«Insuffisance de preuve», motif avancé par la justice pour libérer Woodly Ethéart et Renel Nelfort, accusés de kidnapping

samedi 18 avril 2015

P-au-P, 17 avril 2015 [AlterPresse] --- Sur la base d’ « insuffisance de preuve », le tribunal criminel, siégeant sans assistance de jury, a rendu ce 17 avril, son verdict en faveur de Woodly Ethéart , alias « Sonson Lafamilia » et Renel Nelfort, surnommé « Le Récif », accusés d’enlèvements et de séquestration, de blanchiment des avoirs, de trafic illicite de la drogue, d’assassinat et d’association de malfaiteurs, observe AlterPresse.

« Il y a lieu pour le tribunal de faire sienne la réquisition faite par le Ministère public et celle du Conseil de la défense. Le tribunal, sur les conclusions du Ministère public, dit et déclare non coupables les accusés Woodly Ethéart et Renel Nelfort des faits d’enlèvements, de séquestration, de blanchiment des avoirs, de trafic illicite de la drogue, d’assassinat et d’association de malfaiteurs », déclare le juge Lamarre Bélizaire au terme d’une audience qui a duré plus de six heures d’horloge.

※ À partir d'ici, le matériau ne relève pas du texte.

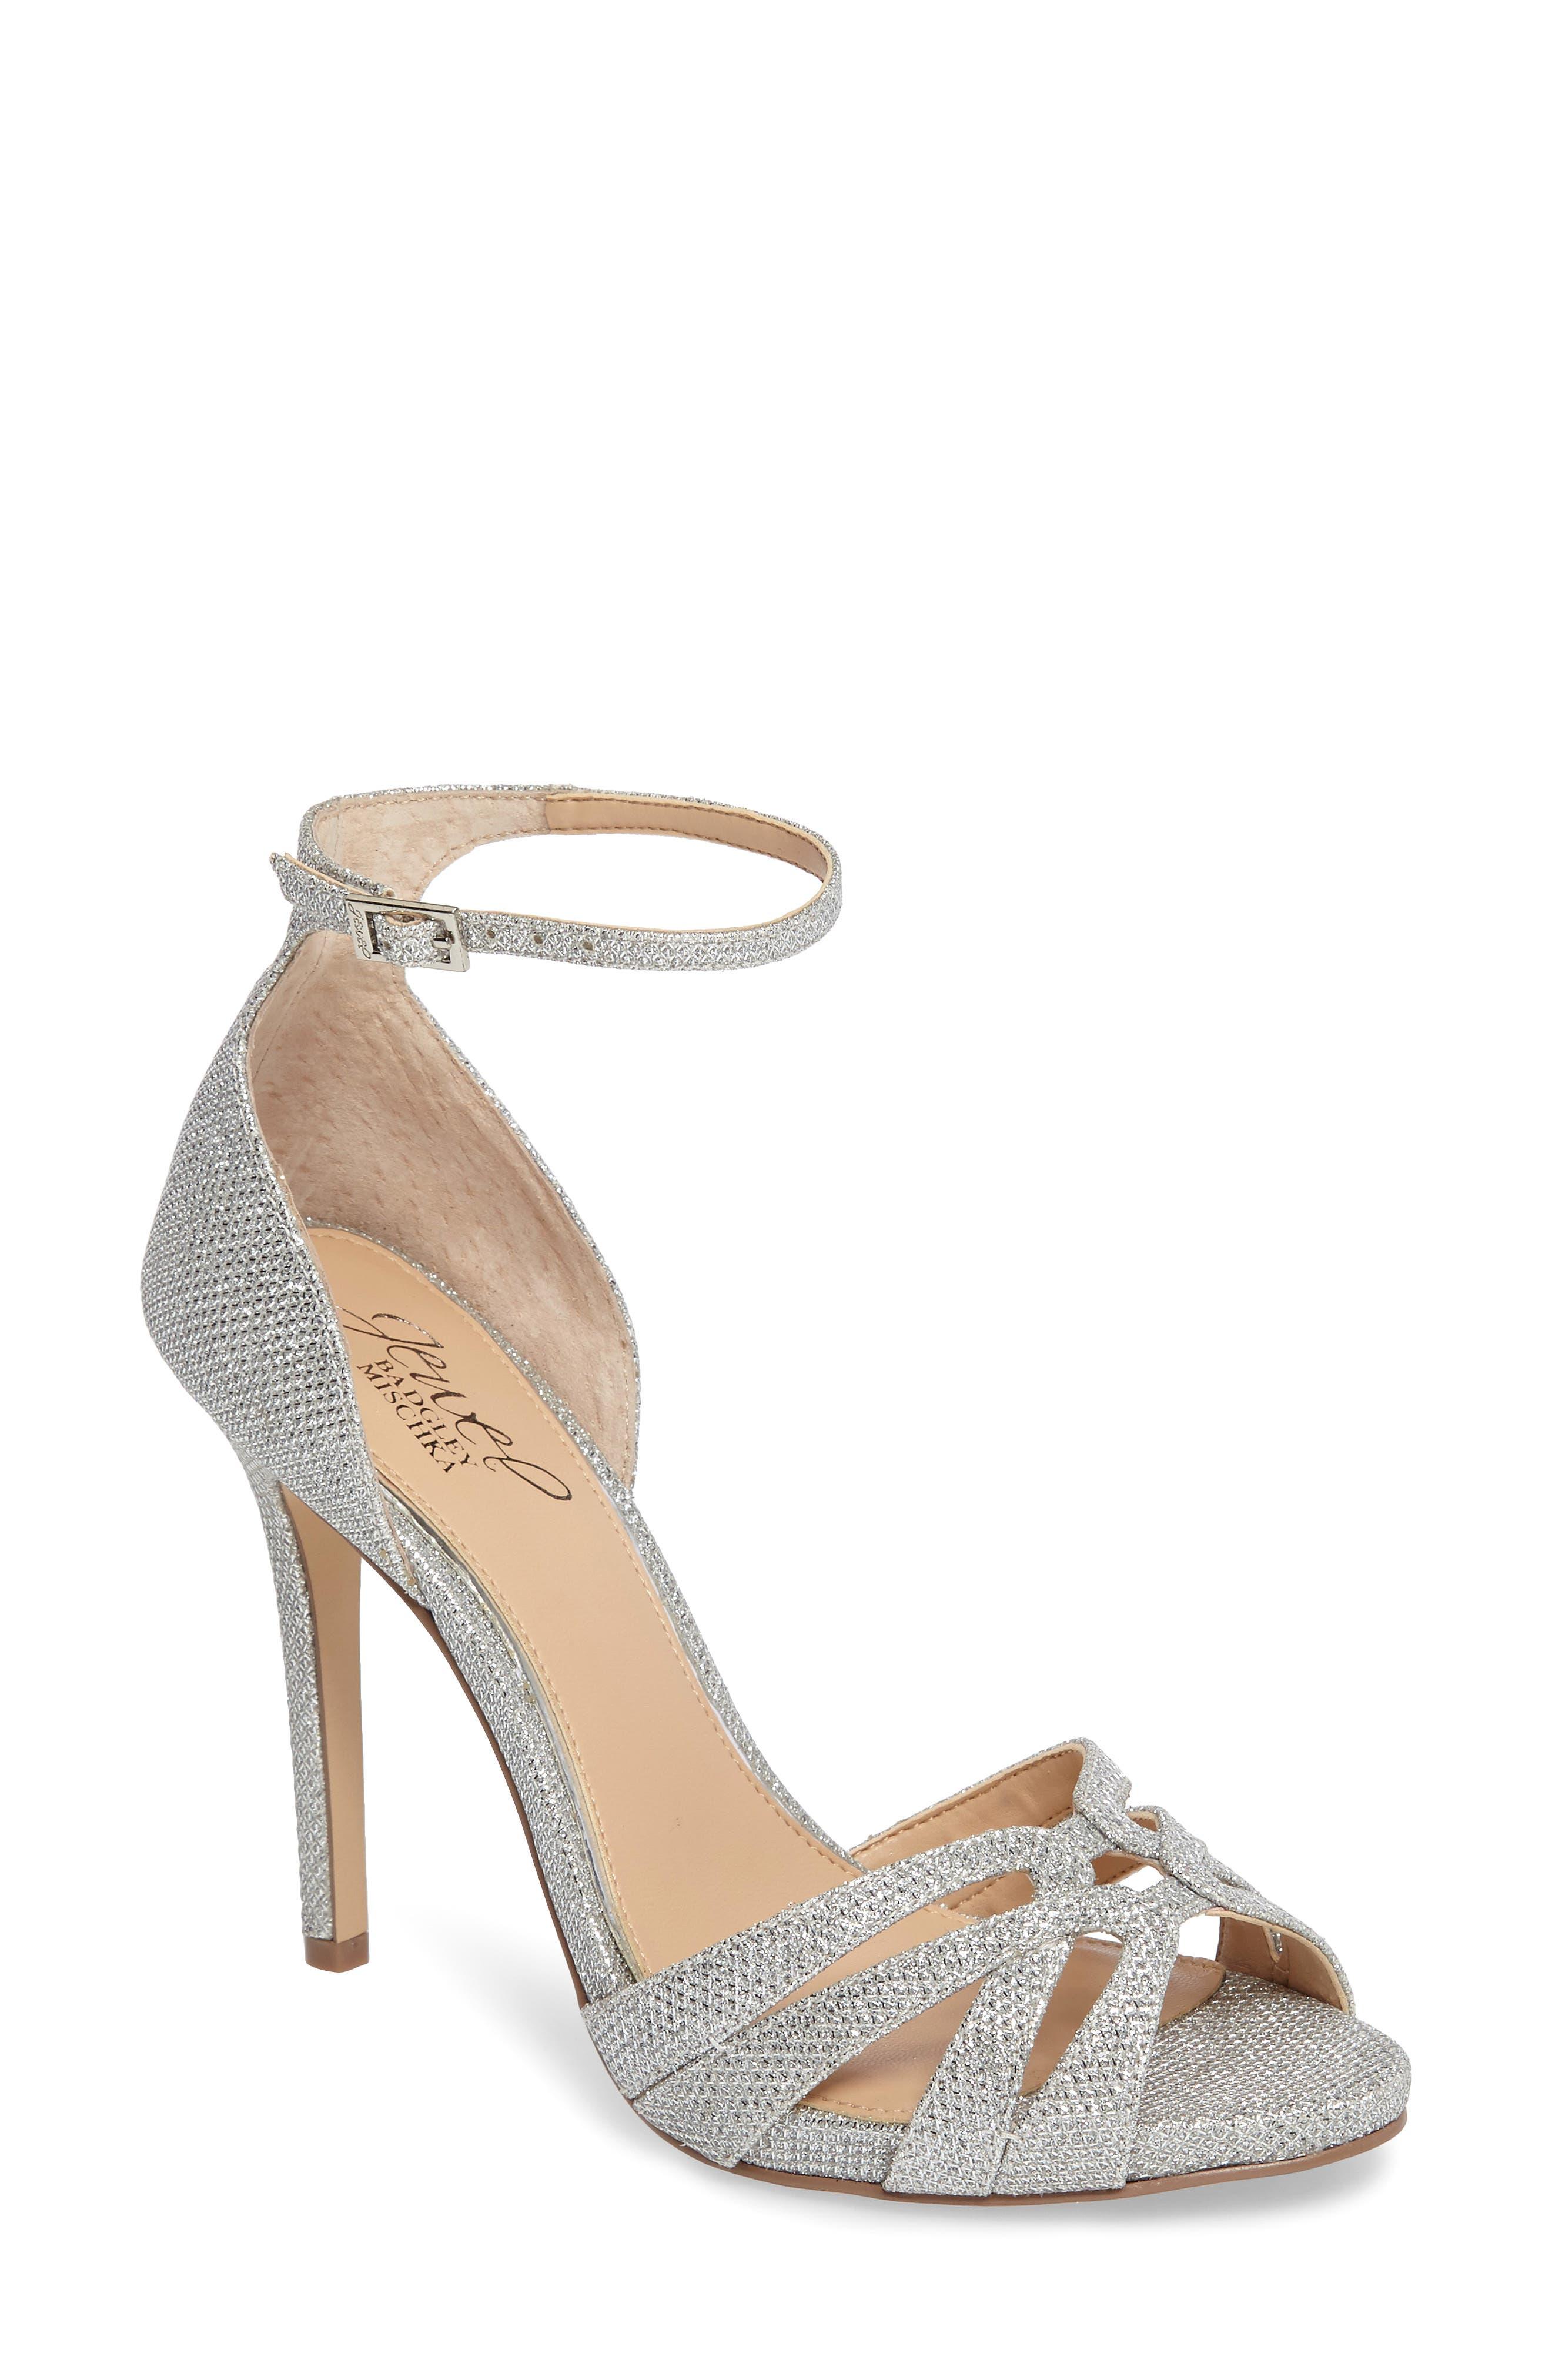 Alternate Image 1 Selected - Jewel Badgley Mischka Loyal Glitter Sandal (Women)

Il soutient qu’il a formulé ce verdict « pour insuffisance de preuve et de charge ». Ce qui renvoie les accusés « hors des liens de l’accusation ».

Le juge Lamarre Bélizaire ordonne la levée de tous les scellés, qui sont apposés sur les immeubles des accusés et la levée de l’interdiction de départ qui a été prise à l’encontre de Woodly Ethéart.

L’ordonnance du juge d’instruction au tribunal de première instance de Port-au-Prince, Sonel Jean-François, en date du 5 mars 2015, avait renvoyé Woodly Ethéart et Renel Nelfort par devant le tribunal criminel en tant qu’« auteurs intellectuels » de plusieurs actes de grand banditisme, dont le kidnapping contre rançon.

Durant le jugement, Armand Romain, qui a été enlevé, a déclaré pour le tribunal, que, lors de son enlèvement, il n’a pas vu et entendu les deux accusés (Woodly Ethéart et Renel Nelfort). Il a, cependant, indexé trois autres accusés, qui, selon l’ordonnance, travaillait pour Ethéart, identifié comme chef d’un gang appelé « Galil ».

Ethéart a été arrêté le 8 mai 2014.

L’affaire n’a pas cessé de susciter des remous, surtout en raison des liens présumés que ce dernier entretiendrait avec le président Michel Martelly.

Selon le Réseau national de défense des droits humains (Rnddh), le « Gang Galil » a reçu des rançons chiffrées à « un million huit cent quatre-vingt-neuf mille cinq cents – 1,889,500.00 - dollars américains », des mains de 13 victimes kidnappées sur l’intervalle du 11 janvier 2011 au 18 janvier 2014, dénonce le Rnnddh dans un rapport publié le mardi 18 mars 2014.

Les accusés ont été entendus séparément et ont déclaré qu’ils n’ont rien à voir dans les faits d’enlèvement de personnes, de séquestrations contre rançon, de blanchiment des avoirs, de trafic illicite de la drogue, d’assassinat et d’association de malfaiteurs.

Le juge considère qu’ « aucune pièce à conviction et aucun corps de délit ne sont versés dans l’ensemble du dossier ».

« Tous les témoins, cités par le Ministère public (…), ont pris la poudre d’escampette », ajoute-t-il.

Le Ministère public, après avoir analysé « minutieusement » l’ensemble du dossier, qui est en sa possession, a déclaré pour le tribunal qu’il a renoncé à l’accusation.

A l’issue de l’audience, les accusés n’ont voulu faire aucune déclaration à la presse.

12 autres individus doivent se présenter au Tribunal criminel sans assistance de jury sous les chefs d’accusation de « détention illégale d’armes à feu, faux et usage de faux, usurpation de titre, vols de véhicules »– en plus de ceux retenus contre Ethéart et Nelfort. 7 des inculpés sont en cavale.

Des organismes de défense de droits humains avaient dénoncé, par avance, l’éventualité d’un procès expéditif au bénéfice des accusés.

Le Rnddh avait souligné l’irrégularité de ce procès, alors que certains accusés dans la même affaire ont fait appel de l’ordonnance du juge d’instruction. La cour d’appel devait, en principe, se prononcer avant toute autre étape du dossier.